Low have made, by their own definition, a “stinkin’ rock record”. You heard right, this is not a joke, even if it’s clearly not as true as it purports to be. But what of the niche they have spent years meticulously carving away at by hand? What of the detail and the care? What of the withdrawn tenderness and dry lyrics? The truth is there has been a change of gear here, the walls of their haven have crumbled away, there’s a wider view and the shot takes in both blazing fires and flickering candlelight. But there is still only one band that could have conceivably made this. Every song is still so easy to fall in love with, each moment still crammed with rich detail.
It’s like tantric sex, or at least we hazard a guess that it could be. It’s the minutiae of the journey, rather than the actual destination that is so important. You will still reach your destination and it will be all the more intense for having charted such an intricate path. After years of creeping carefully, aside from the occasional flourish of volume like on ‘Trust’s standout track ‘Canada’, it feels like they’ve reached their destination.

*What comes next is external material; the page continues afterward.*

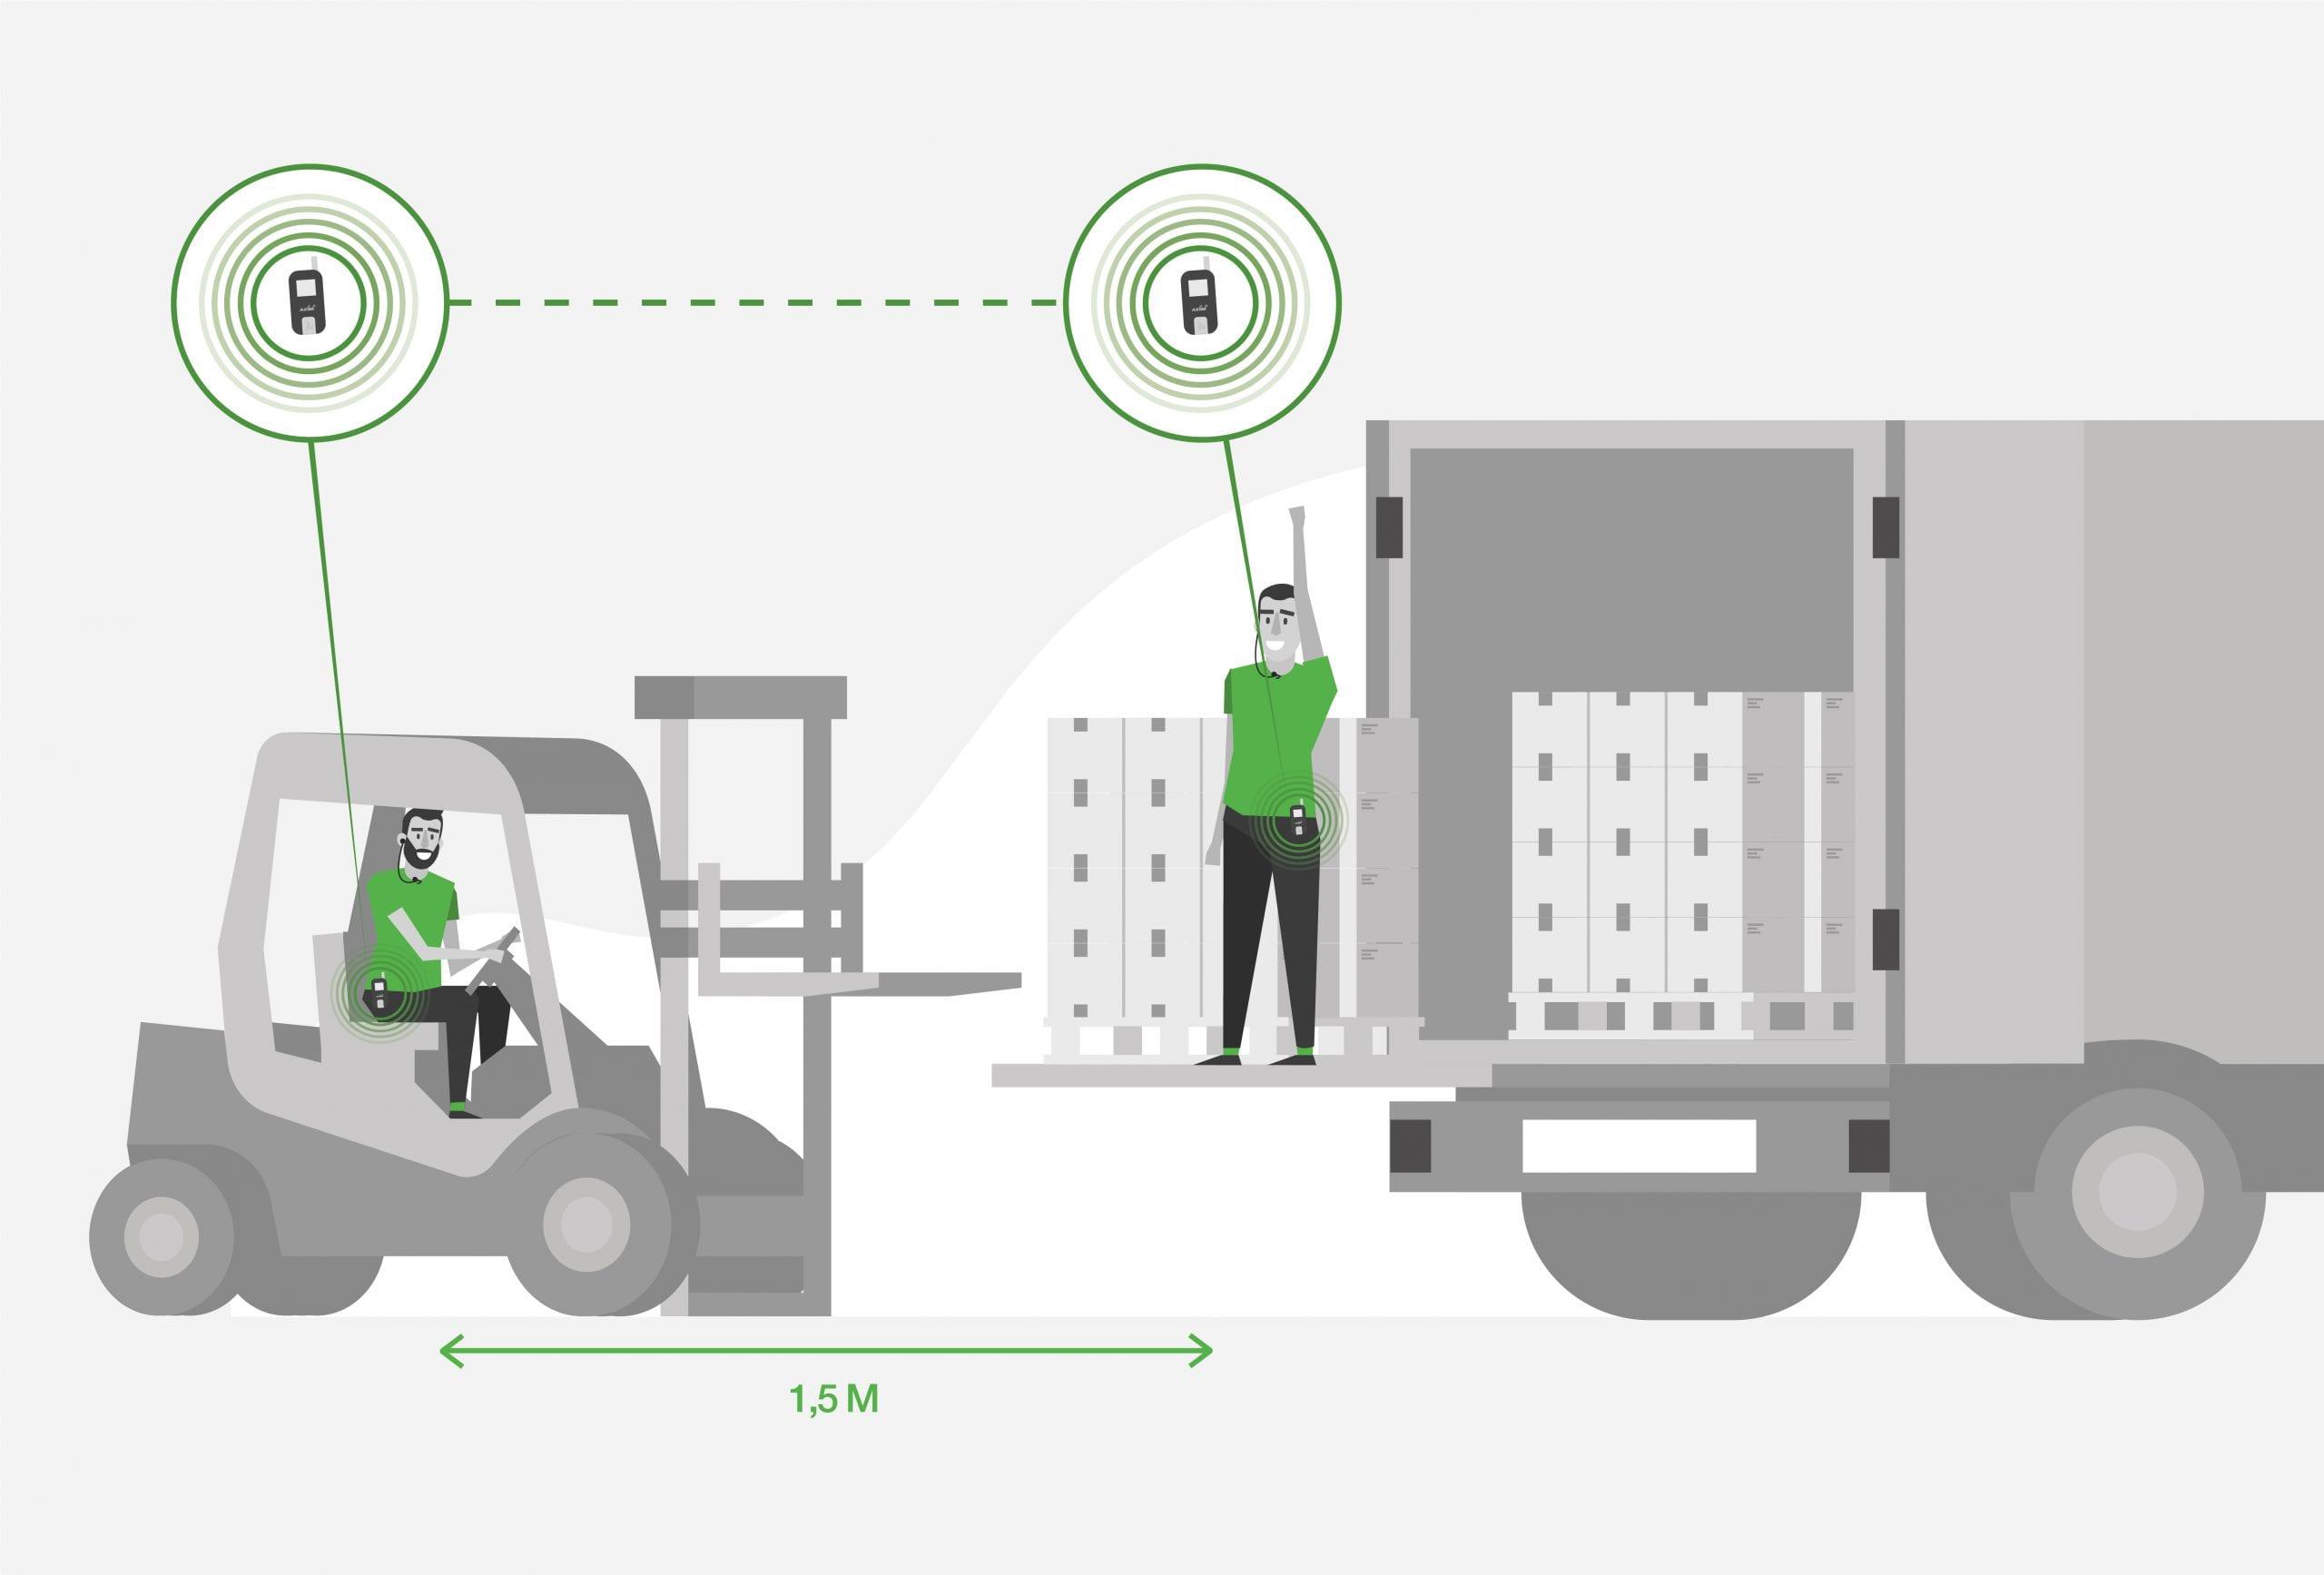 axiwi-veilig-hygienisch-op-afstand-communiceren-transport-logistiek

And so they give into temptation. This is like one immense, overdue rush of blood to the head. Individual tracks follow that course here in their own right too, ‘Pissing’ being one track (‘When I Go Deaf’ another) that slips cautiously out of the silence, weaving trademark sandpaper melodies over lumbering background rhythms before descending, at the 3 and a half minute mark, into cathartic feedback, letting their emotions fly.
Opening track ‘Monkey’ makes an immediate statement, Mimi Parker’s drums more domineering than ever, though still set back perfectly, like a tribal beat of war, as a sinister air takes hold of the vocals and scythe like guitars follow suit. ‘Silver Rider’ takes its bluster from a more burgeoning ethereal mass of sound, ‘Just Stand Back’ is the sweetest, almost upbeat alt-country tune, reinforced with rough-edged distortion and given a twist with the reemergence of those sinister lyrics, and ‘On the Edge Of’ is positively swimming in psychedelia, perhaps stealing a cap of Mercury Rev’s potion off producer Dave Fridmann.
Far from feeling cheated, or like they’ve betrayed themselves and discarded everything that made them so precious, it feels right, it feels due. Everything’s still there, you just have more to dig through. And having the power of restraint can perhaps only truly be effective when you know exactly when to let go.